Anyone else experiencing a continual reboot cycle on their PVR's? My 501 has been working flawlessly (well, the usual 50x series of bugs), but since this past Wednesday it has been rebooting itself every 15 minutes (gets old fast). I've tried all of the usual cures (power button reset, pull plug reset, card reset) and nothing fixes it. I called Dish and although the CSR didn't admit to anything being known about this at their end, they are shipping a replacement unit to us.

I have a great deal of programming stored on the drive that my wife will be quite annoyed at losing if we swap units. Is there anyway to get the programming off the drive (plug it into a computer, for example)? I was in the process of recording these programs to DVD, but with the unit resetting itself every 15 minutes it really makes it difficult to do this without the reoccurring Green Screen of Death being recorded as well.

Thanks.


----------



## Ed P (Jan 29, 2008)

"Anyone else experiencing a continual reboot cycle on their PVR's? My 501 has been working flawlessly (well, the usual 50x series of bugs), but since this past Wednesday it has been rebooting itself every 15 minutes (gets old fast)."

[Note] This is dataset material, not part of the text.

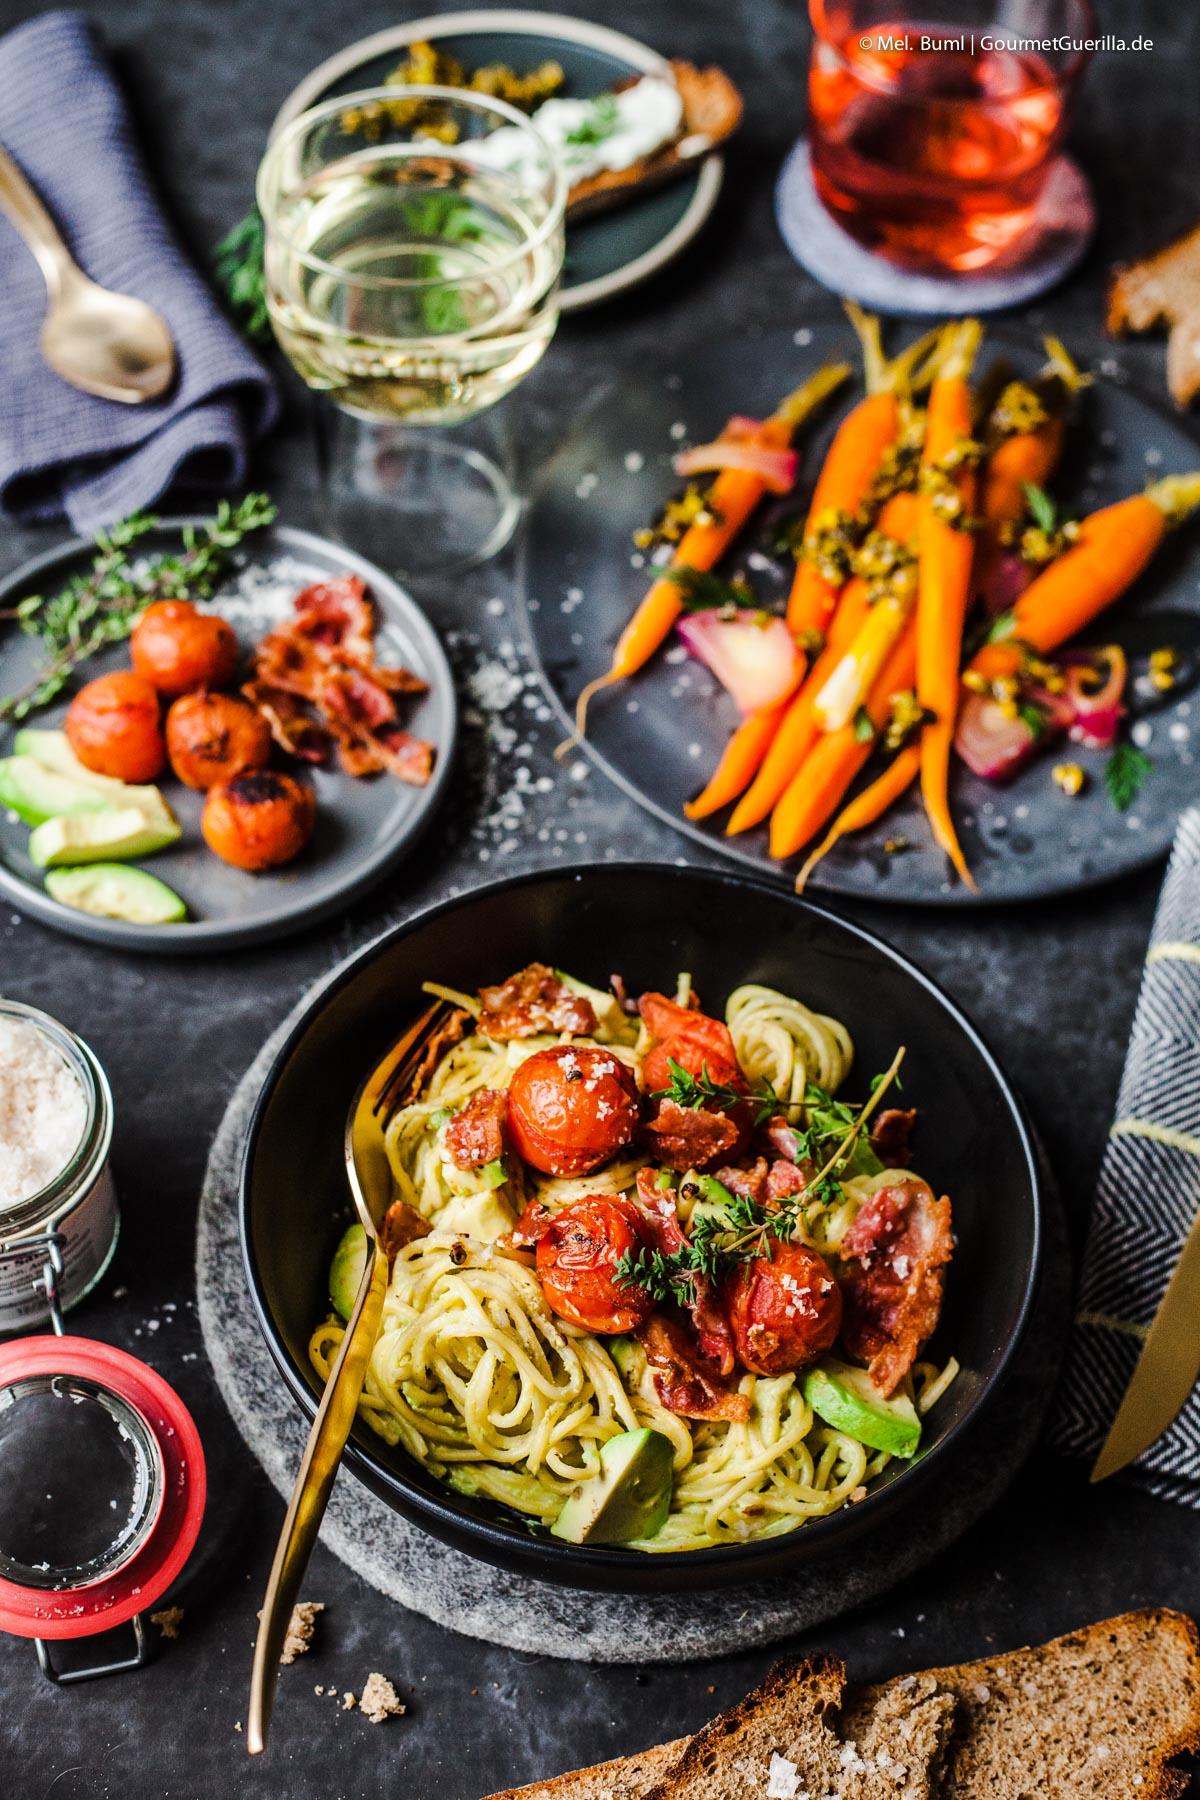 {Valentins-Dinner} Orangen-Möhren mit Pistazien-Thymian-Crunch und Avocado-Spaghetti mit gebackenen Tomaten und Baken-Flakes |GourmetGuerilla.de

Can't help with a fix but my 508 started doing the exact same thing over the
weekend.

Ed P


----------



## digital223 (Dec 19, 2002)

upstategeek said:


> Anyone else experiencing a continual reboot cycle on their PVR's? My 501 has been working flawlessly (well, the usual 50x series of bugs), but since this past Wednesday it has been rebooting itself every 15 minutes (gets old fast). I've tried all of the usual cures (power button reset, pull plug reset, card reset) and nothing fixes it. I called Dish and although the CSR didn't admit to anything being known about this at their end, they are shipping a replacement unit to us.
> 
> I have a great deal of programming stored on the drive that my wife will be quite annoyed at losing if we swap units. Is there anyway to get the programming off the drive (plug it into a computer, for example)? I was in the process of recording these programs to DVD, but with the unit resetting itself every 15 minutes it really makes it difficult to do this without the reoccurring Green Screen of Death being recorded as well.
> 
> Thanks.



check out this thread:
http://www.dbstalk.com/showthread.php?t=71011&highlight=digital223
about a year ago I had identical problems with a 508, it was a dieing hdd. finally replaced with dhpp.


----------



## Ed P (Jan 29, 2008)

"about a year ago I had identical problems with a 508, it was a dieing hdd. finally replaced with dhpp."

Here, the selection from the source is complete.